I think the general approach is very reasonable.

As funny as I find "twice_a_day", I think this should use more mundane naming. I also think it needs RUST_ in the name.

I would suggest RUST_CLOCK_ASSUME_MONOTONIC=1 and RUST_CLOCK_ASSUME_MONOTONIC=0, with unset meaning the default automatic behavior.

Sure, done.

Are environment controls considered part of the standard library's stable API?

@the8472 To answer your other question:

should this be documented or remain an undocumented bandaid we can offer to users if they run into reliability/performance problems?

I think we should absolutely document this. I also think we should very explicitly say "if you need to use RUST_CLOCK_ASSUME_MONOTONIC=0, please let us know so we can improve things to work more automatically in the future".

Ok. We still don't have stability markers for module documentation, so I'll add some "subject to change" note to the prose so it shouldn't be considered insta-stable.

I think the environment variable should perhaps be an opt-in to the "maybe buggy" behavior rather than the reverse. Otherwise I would expect it to be common advice to set it - most code won't notice the performance hit of the mutex, but would likely notice the possibility of panics and want to avoid that.

I think I'd feel differently if we expected this to be limited to non-tier-1 targets or similar, but from what I can tell this is likely to indefinitely be a problem for us without a - somewhat costly - solution. Perhaps that cost can be pushed up into the kernel, I'm not sure; unless we know that the function we're calling to get the timestamp is backed by a similar mutex (whether in kernel or other host environment) it seems like we should just make sure of correctness ourselves.
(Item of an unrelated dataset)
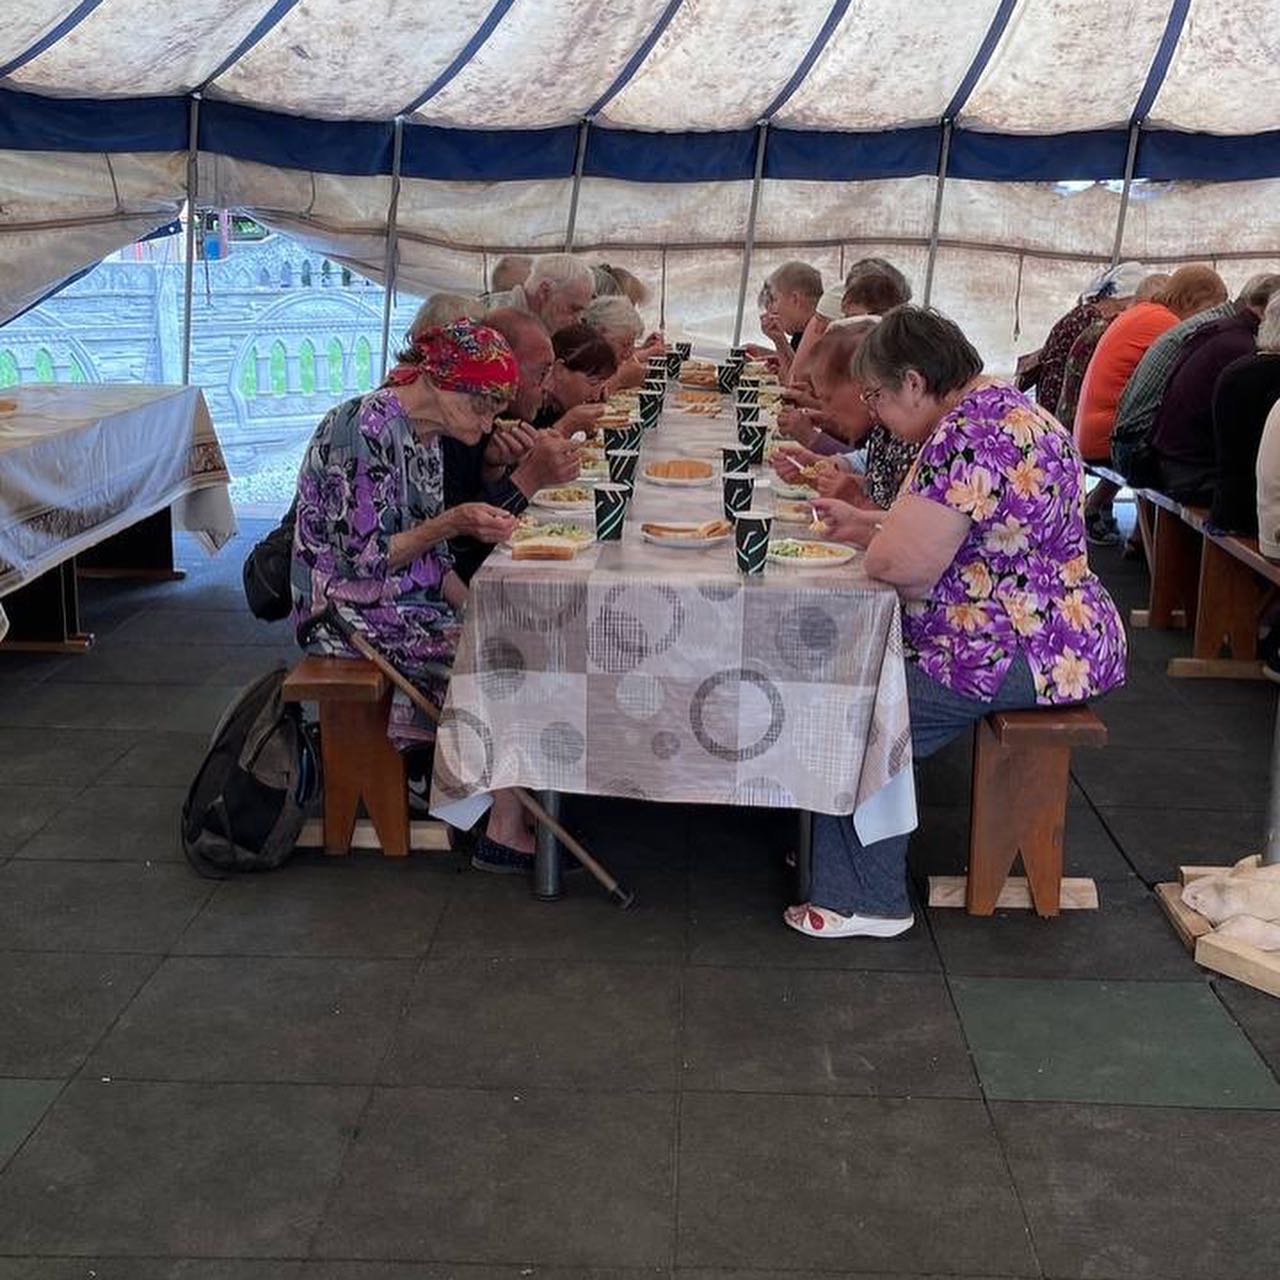 a group of people sitting at a table in a tent.

Some of that was already discussed in https://rust-lang.zulipchat.com/#narrow/stream/219381-t-libs/topic/more.20broken.20clocks

Transplanting my concerns/comments from Zulip:

I think that people who deploy their software to any broken hardware will be inclined to add something like env::set_var inside their code. I know I would do, because to me my code working across all hardware without having to worry about environment detail is way more important than the throughput of the timing function call. While setting the environment variable from code is likely to work, the caching behaviour is also prone to be a major stability hazard. In particular, adding calls to read time anywhere in code would become a potentially breaking change. Any code of the form:

fn main() {
    didnt_check_time_before() // but now does
    env::set_var("RUST_CLOCK_ASSUME_MONOTONIC", "0");
    Instant::now() // this is supposed to set up the cache.
}

would observe a change in behaviour once didnt_check_time_before starts calling the time functions. This extends to the point where we'd have to stay mindful of this caveat during initialization before main is called. It could also be something as innocuous as a log statement.

EDIT I doubt that saying "this is meant for debugging and is not covered by stability guarantees" will prevent anybody from relying on this environment variable to make their code work on the sandybridges they may come across, to be honest.
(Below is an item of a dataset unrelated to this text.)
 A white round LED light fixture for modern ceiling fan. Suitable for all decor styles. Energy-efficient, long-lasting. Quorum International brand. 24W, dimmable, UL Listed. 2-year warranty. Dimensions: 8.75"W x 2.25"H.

Do we have any data on how big of a performance impact the current workaround is?

I think the environment variable should perhaps be an opt-in to the "maybe buggy" behavior rather than the reverse. Otherwise I would expect it to be common advice to set it - most code won't notice the performance hit of the mutex, but would likely notice the possibility of panics and want to avoid that.

Down that road lie bad equilibria.

• it extinguishes any signal we have, on all platforms, about the quality of clocks, making it much more difficult in the future to revert that policy
• it duplicates efforts on other levels of the system (kernel, hardware, other languages)
• it imposes a toll on every system to protect against a few broken ones, even as hardware improves
• it leads to latency spikes (thread holding mutex getting preempted) on what should be a constant-time, low-overhead, contention-free operation

The current approach is a one-way ratchet where we mark some platform as non-monotonic when a user reports an issue and then never undo that because there is no mechanism to gauge the opposite case.
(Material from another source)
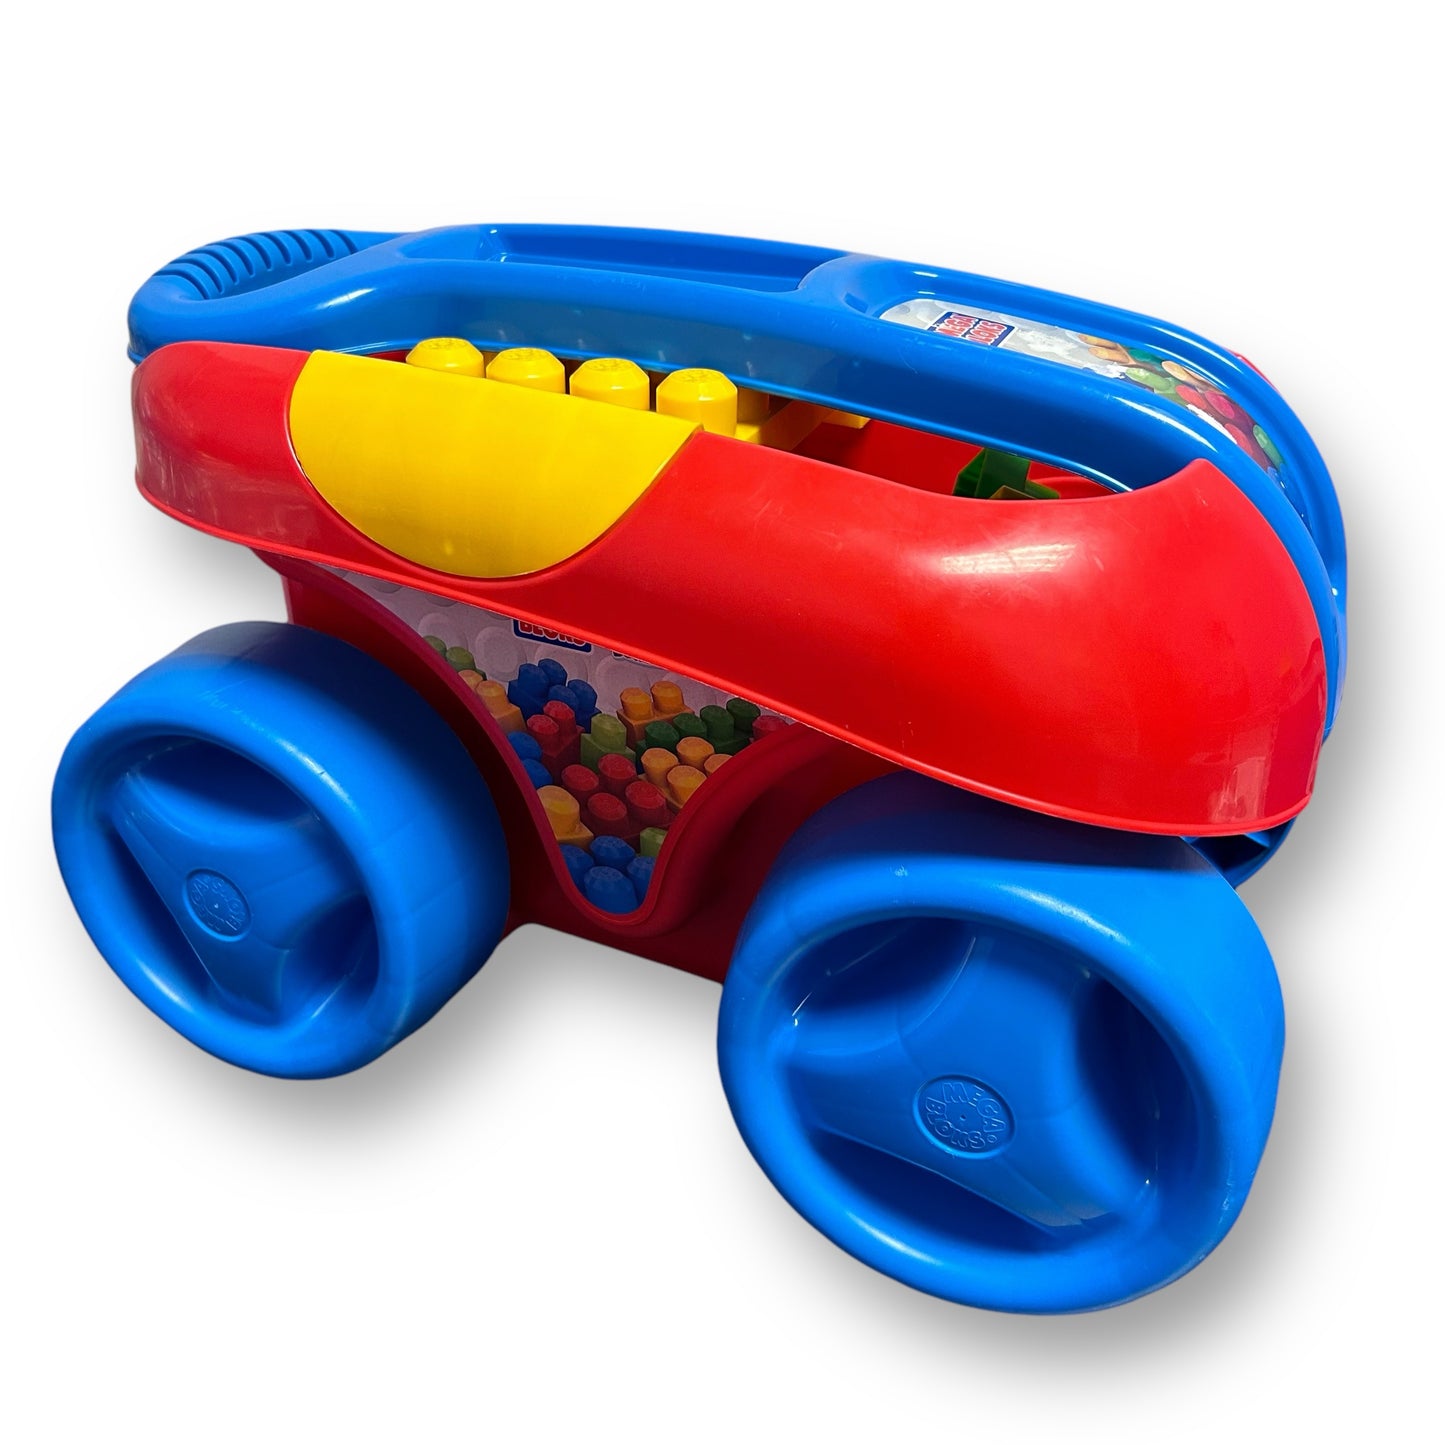 Mega Bloks First Builders Red Wagon, Car, and Blocks Collection

Ideally we would make actually_monotonic() { true } on nightly builds so people would give us more feedback, rather than fewer.

I think I'd feel differently if we expected this to be limited to non-tier-1 targets or similar, but from what I can tell this is likely to indefinitely be a problem for us without a - somewhat costly - solution. Perhaps that cost can be pushed up into the kernel, I'm not sure; unless we know that the function we're calling to get the timestamp is backed by a similar mutex (whether in kernel or other host environment) it seems like we should just make sure of correctness ourselves.

Yes, the API contract of CLOCK_MONOTONIC is that it is monotonic. Windows makes similar claims and yet we treat windows as never monotonic. So we should treat this as an OS or hardware bug instead.

The issue is easy to paper over, and we should have an option to do that. But making it visible should also be an option, we shouldn't guarantee to hide platform bugs forever.

I think that people who deploy their software to any broken hardware will be inclined to add something like env::set_var inside their code. I know I would do, because to me my code working across all hardware without having to worry about environment detail is way more important than the throughput of the timing function call. While setting the environment variable from code is likely to work, the caching behaviour is also prone to be a major stability hazard. In particular, adding calls to read time anywhere in code would become a potentially breaking change. Any code of the form:

fn main() {
    didnt_check_time_before() // but now does
    env::set_var("RUST_CLOCK_ASSUME_MONOTONIC", "0");
    Instant::now() // this is supposed to set up the cache.
}

The problem is with the environment though, so the intent is to give people the option to mark specific environments as unreliable, not to make it part of the code.

EDIT I doubt that saying "this is meant for debugging and is not covered by stability guarantees" will prevent anybody from relying on this environment variable to make their code work on the sandybridges they may come across, to be honest.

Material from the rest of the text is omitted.